#### [DESCRIPTION OF THE TASK]
Would you output the listing exactly, with every image omitted?

#### [PROVIDED MATERIAL]
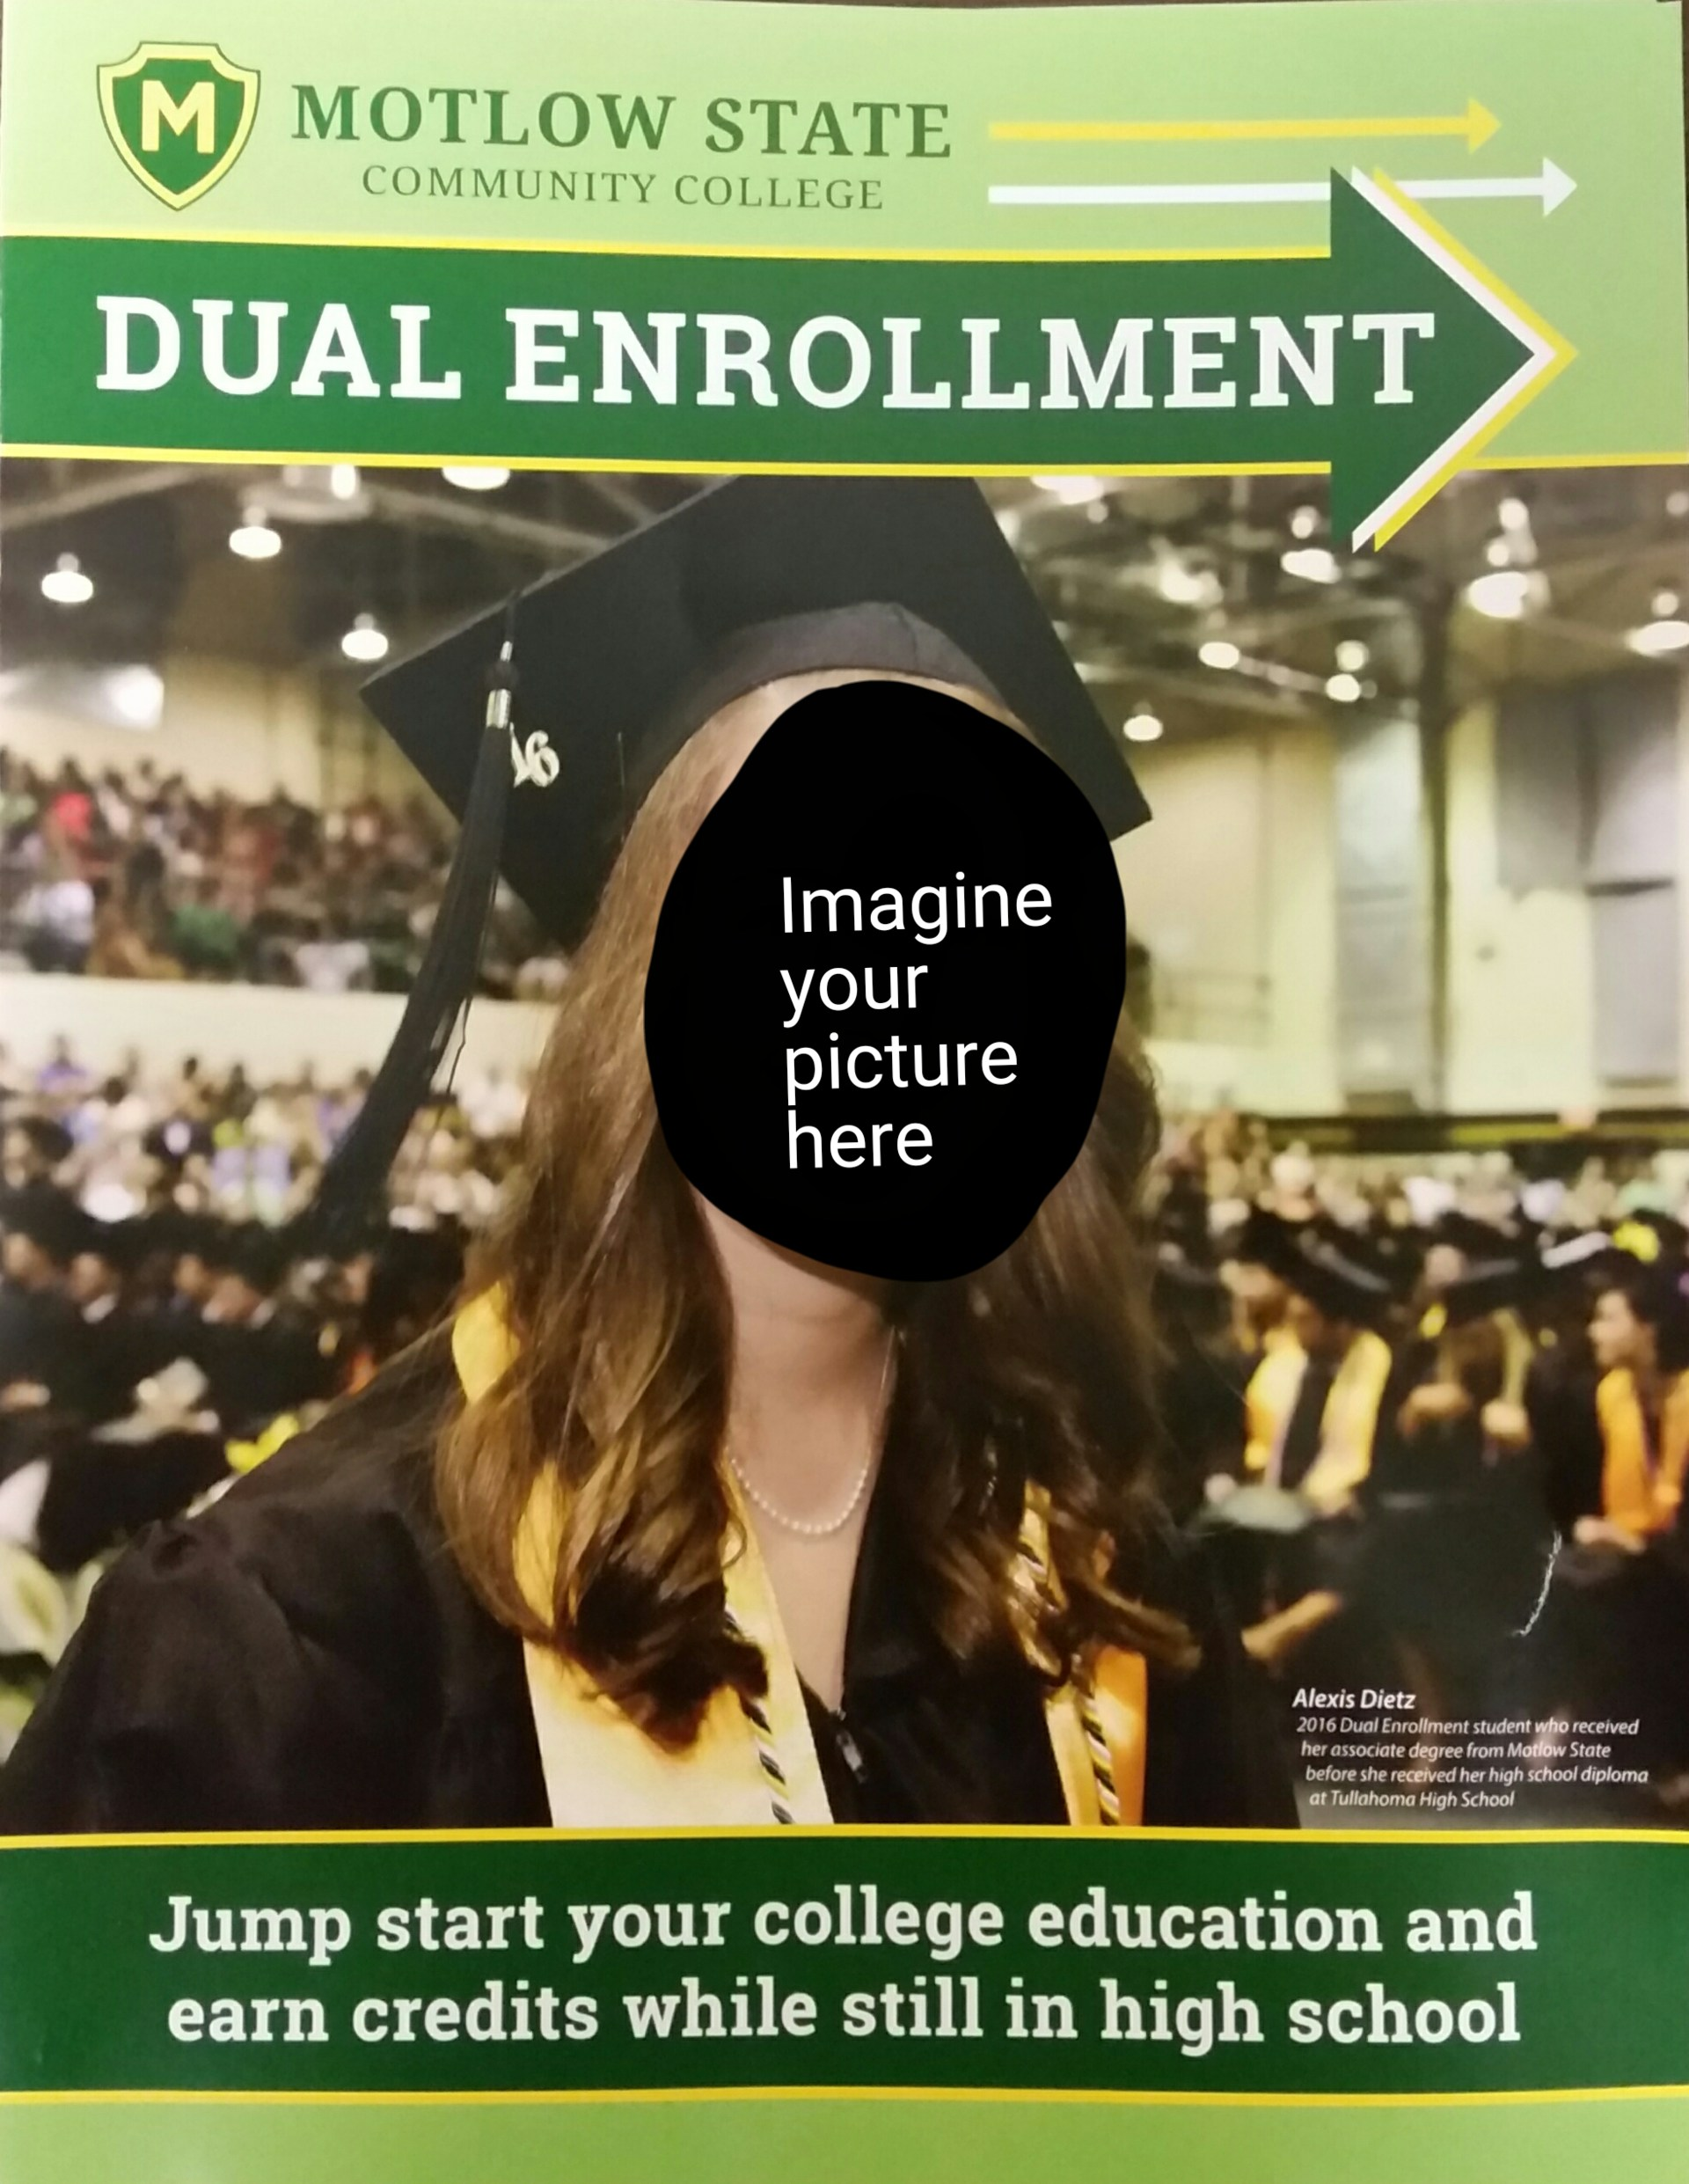 Motlow dual enrollment
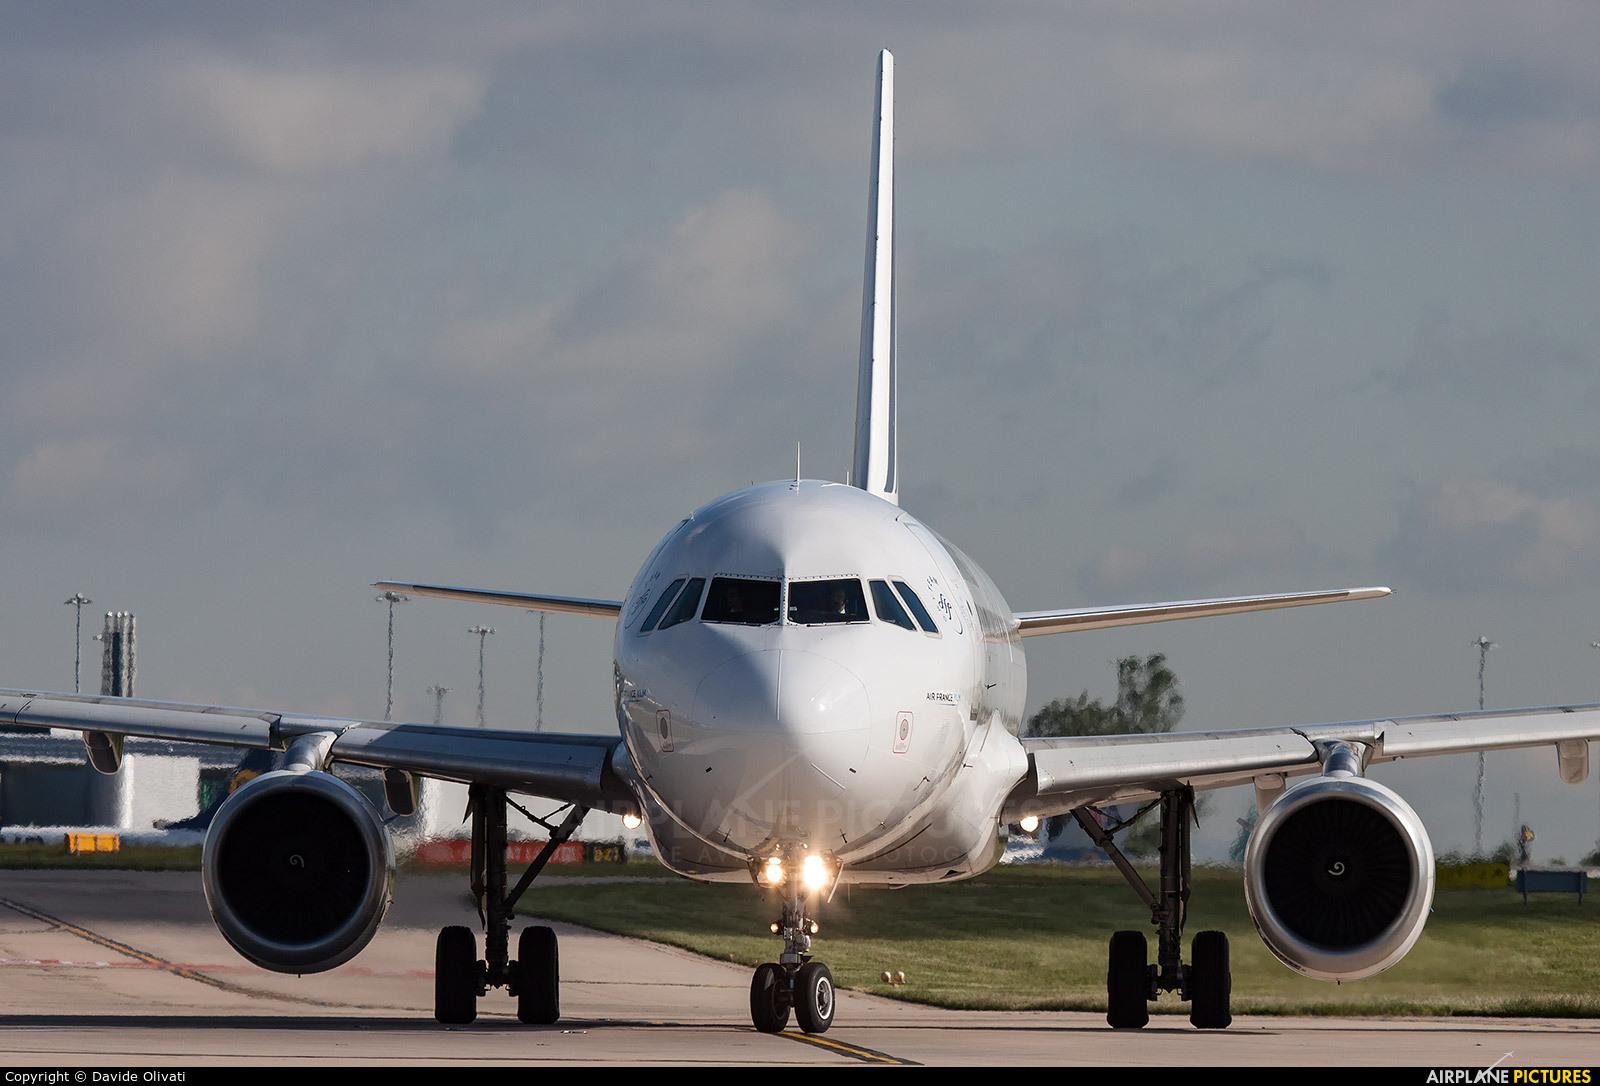 Air France F-GJVW aircraft at Manchester
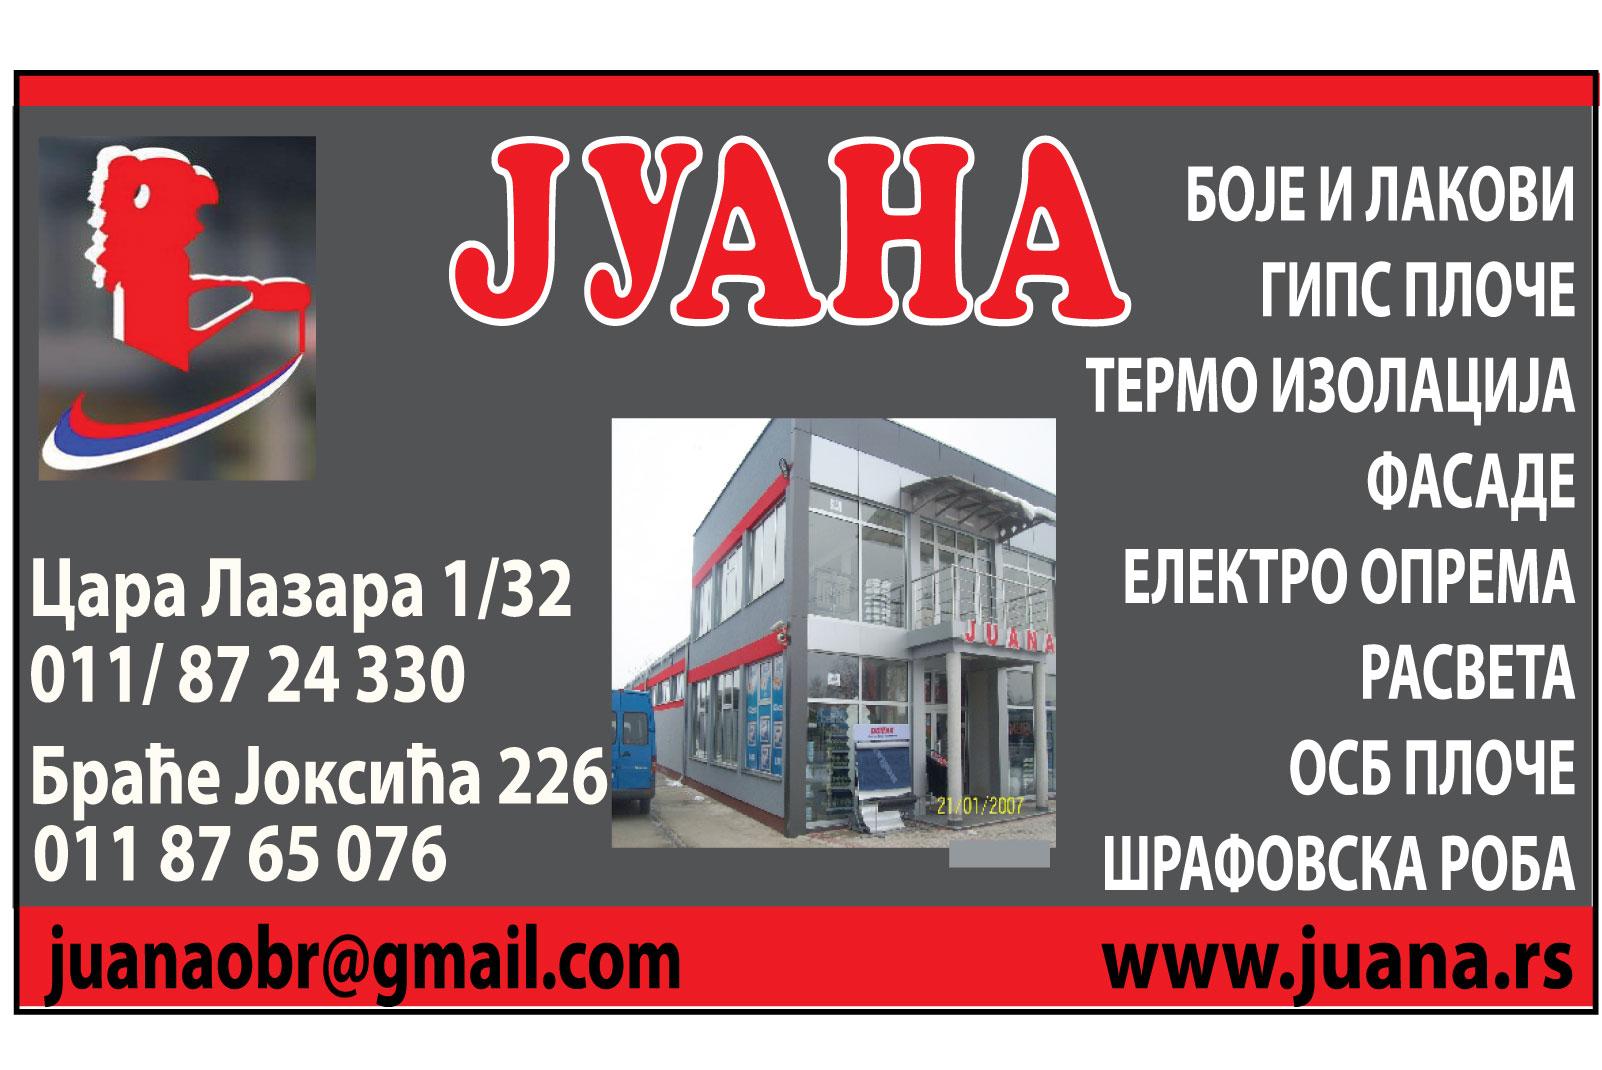 Juana-obrenovac -zvecka-farbara-boje-lakovi-izolacija-stiropor-fasade-krecenje-gradnja-renoviranje-gradjevina-materijali-stovariste-mojabaza

#### [TASK SOLUTION]
 Motlow dual enrollment
 Air France F-GJVW aircraft at Manchester
 Juana-obrenovac -zvecka-farbara-boje-lakovi-izolacija-stiropor-fasade-krecenje-gradnja-renoviranje-gradjevina-materijali-stovariste-mojabaza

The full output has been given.